A similar trick seems to have been used on the upgrade versions of Vista. From the fine print it would seem that you can only install that once as well, unlike all their previous upgrade versions.
Microsoft don't want people to be able to put Vista away for a while, they want to force it on the world NOW. And they want to prevent people from going back to XP. Another aspect of the Vista upgrade is that the moment you install it, it invalidates your XP license so you can't go back to it (which is also why I suspect you can't reinstall it, you have to have XP already installed to use the upgrade, but you shouldn't be able to reinstall XP because it kills the license).
As a side note, Dell offers SOME systems with XP as an optional OS. Mostly it seems that their business systems are the ones that can come with XP. Since you already own a copy of XP that isn't a great improvement, but.. also Gateway seems to have it as an option, although you can't do it from their website, they say you have to call them to order XP systems.

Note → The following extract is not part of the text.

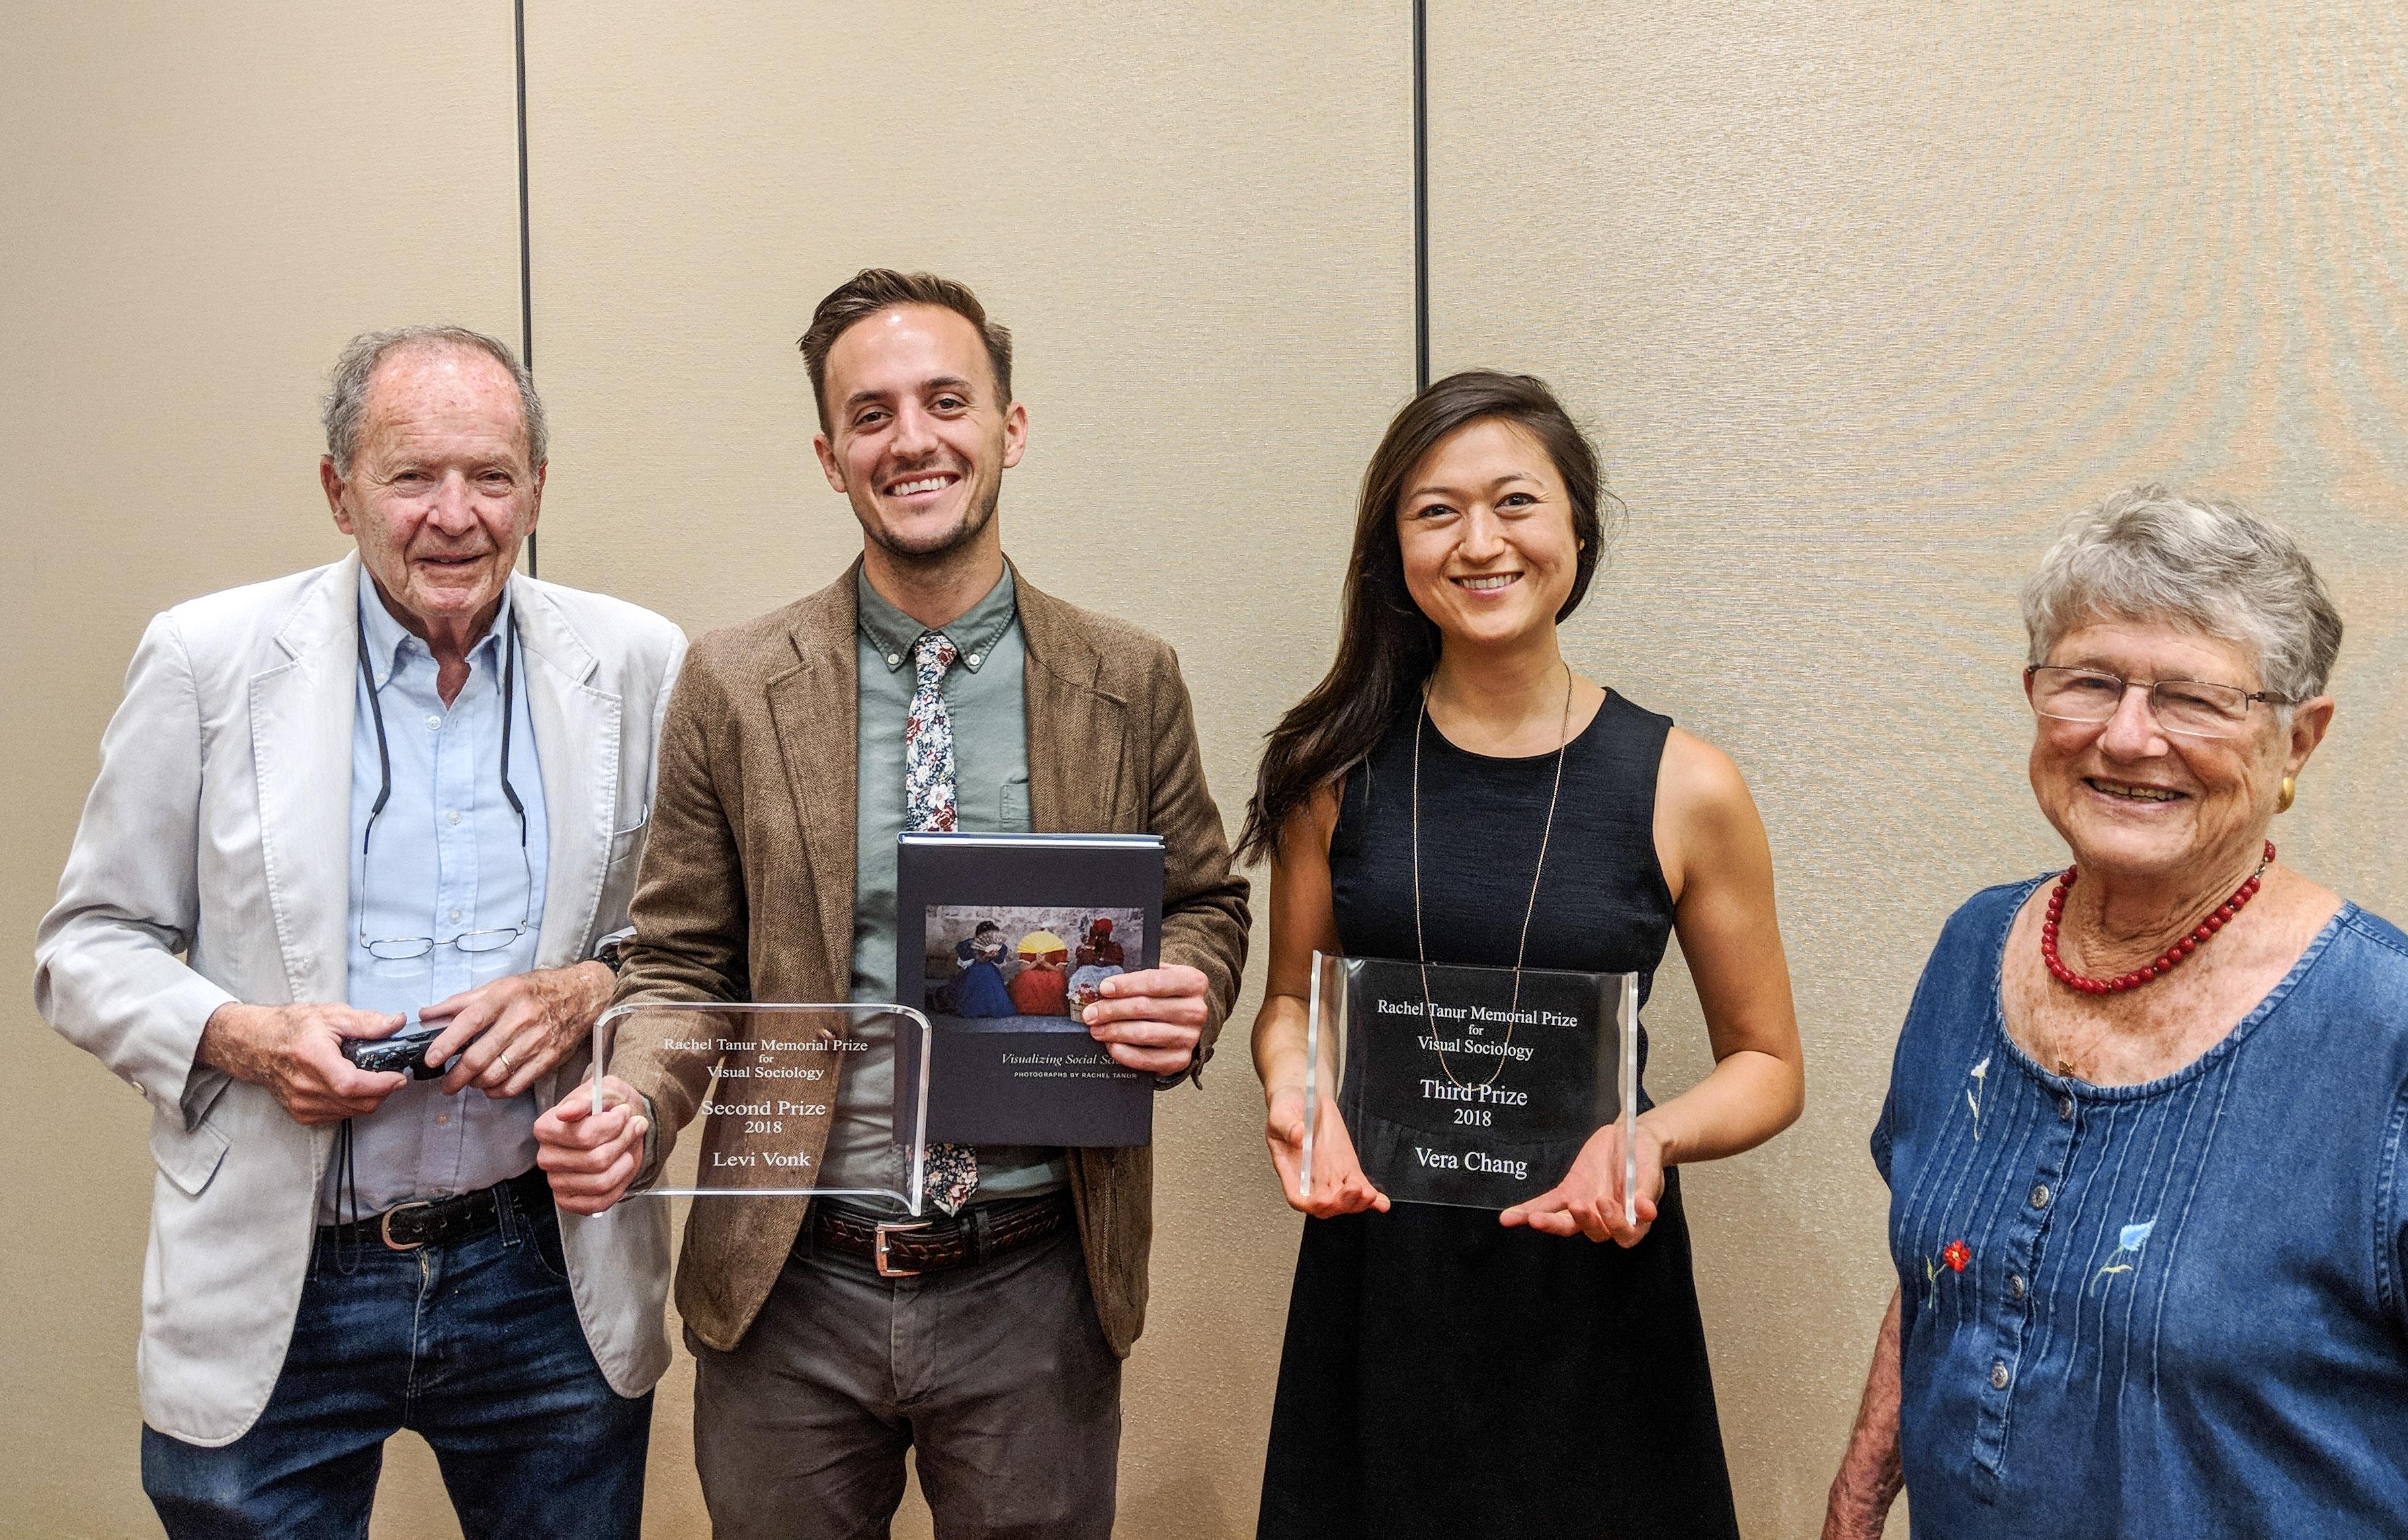 Rachel Tanur award winners

If you did purchase a Vista system and wiped the drive clean (accepting the loss of Vista), you would at least end up with a much faster, cleaner running system since it wouldn't be loaded down with all the trialware that manufacturers load systems down with. You'd have to find any drivers that might be needed, like for the sound card or the video card, and I'm always uncertain about how easy it would be to find them. In the case of my Dell laptop it's easy, their website makes them all available after I tell them what kind of laptop I have.

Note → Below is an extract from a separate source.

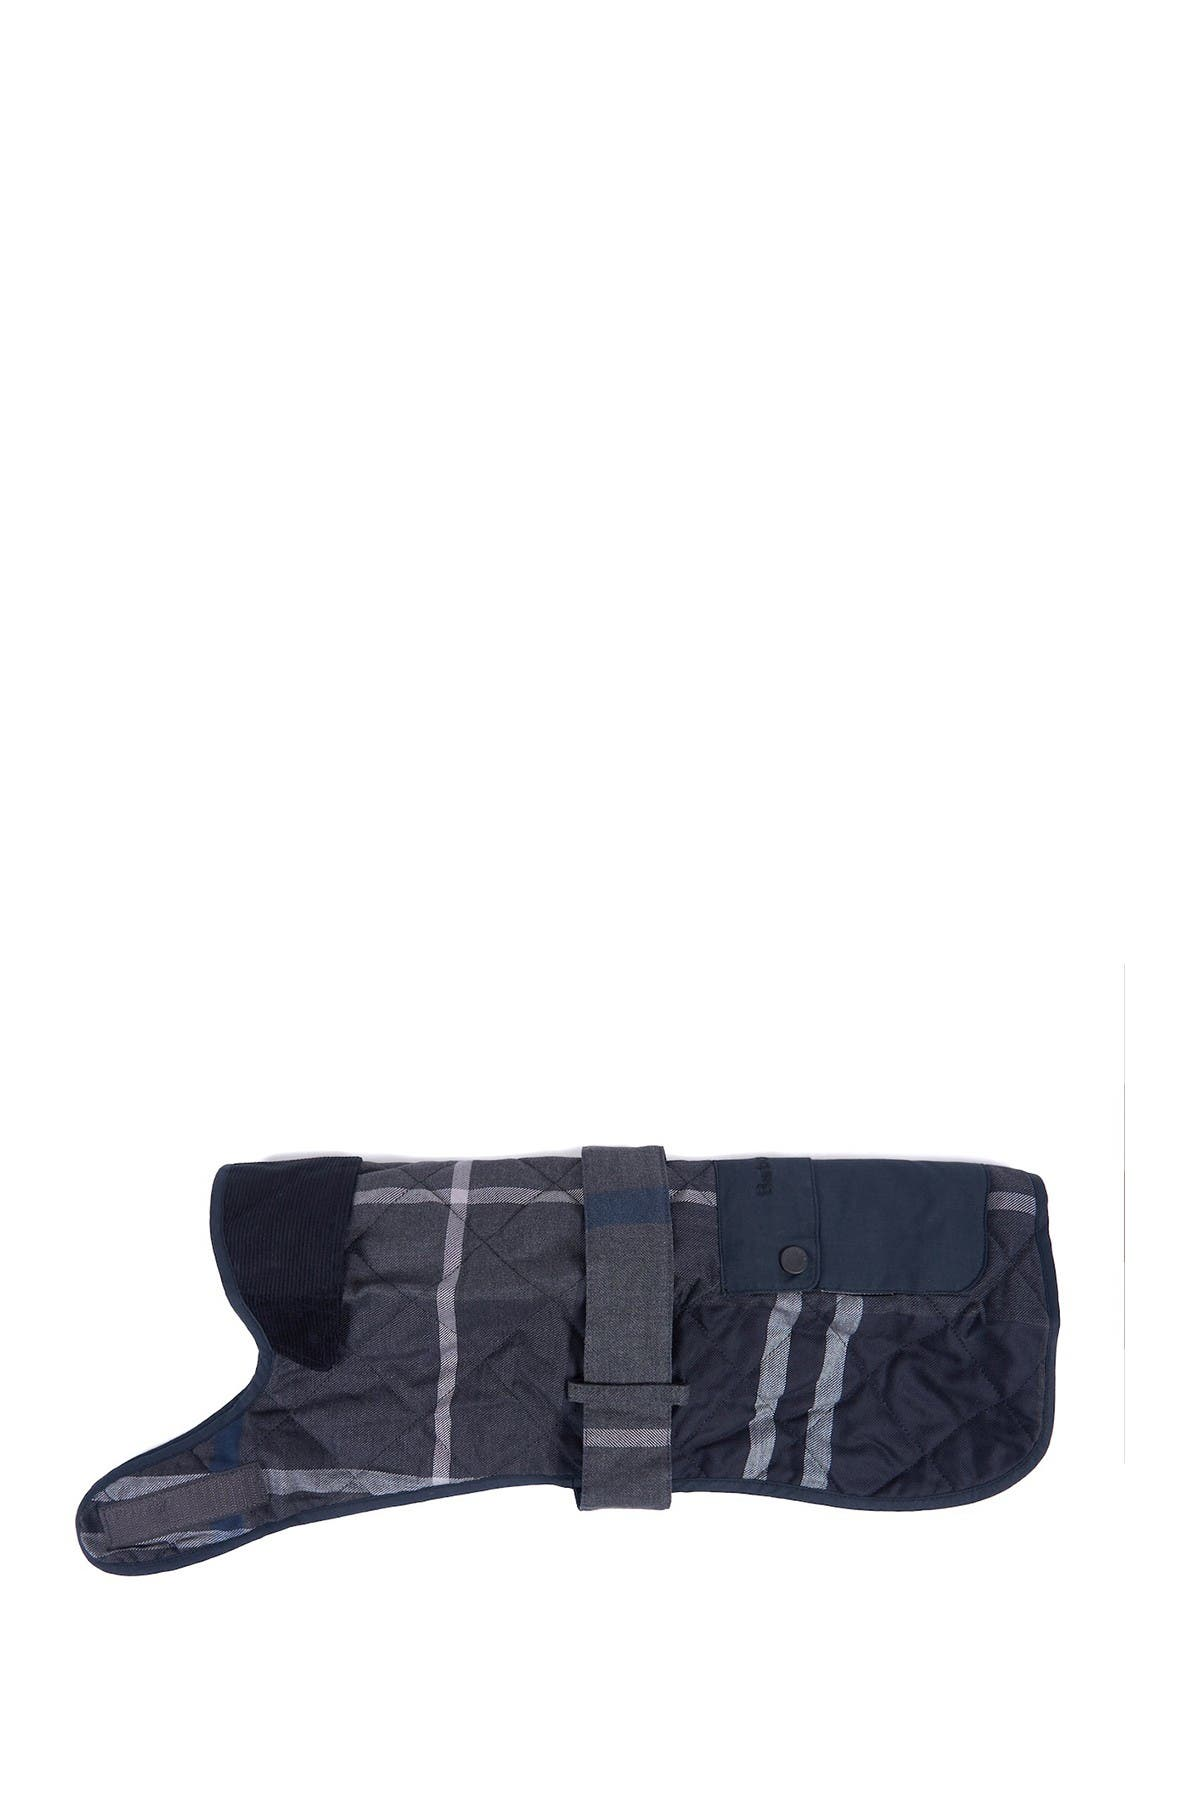 Image of Barbour Tartan Graphite Dog Coat

Personally.. my plan is to resist Vista as long as possible. I'd say I'll NEVER touch it, not even with a twenty foot pole.. but with the way MS operates, and the way the justice department has totally fallen asleep at the wheel of the whole issue of protecting the public from anti-competitive behavior, I may have no choice at some point. Or rather my only choice may end up being Mac or Windows, I suspect MS is working to lock the PC architecture down so that other OSes like Linux (or even XP) can't be used on it.
It may come down to grabbing the best of the last of the open architecture hardware and building myself the best last generation system I can, and seeing how long it lasts me.. hoping, in the meanwhile, that if nothing else the international community, like the EU, might be able to force MS to change their ways.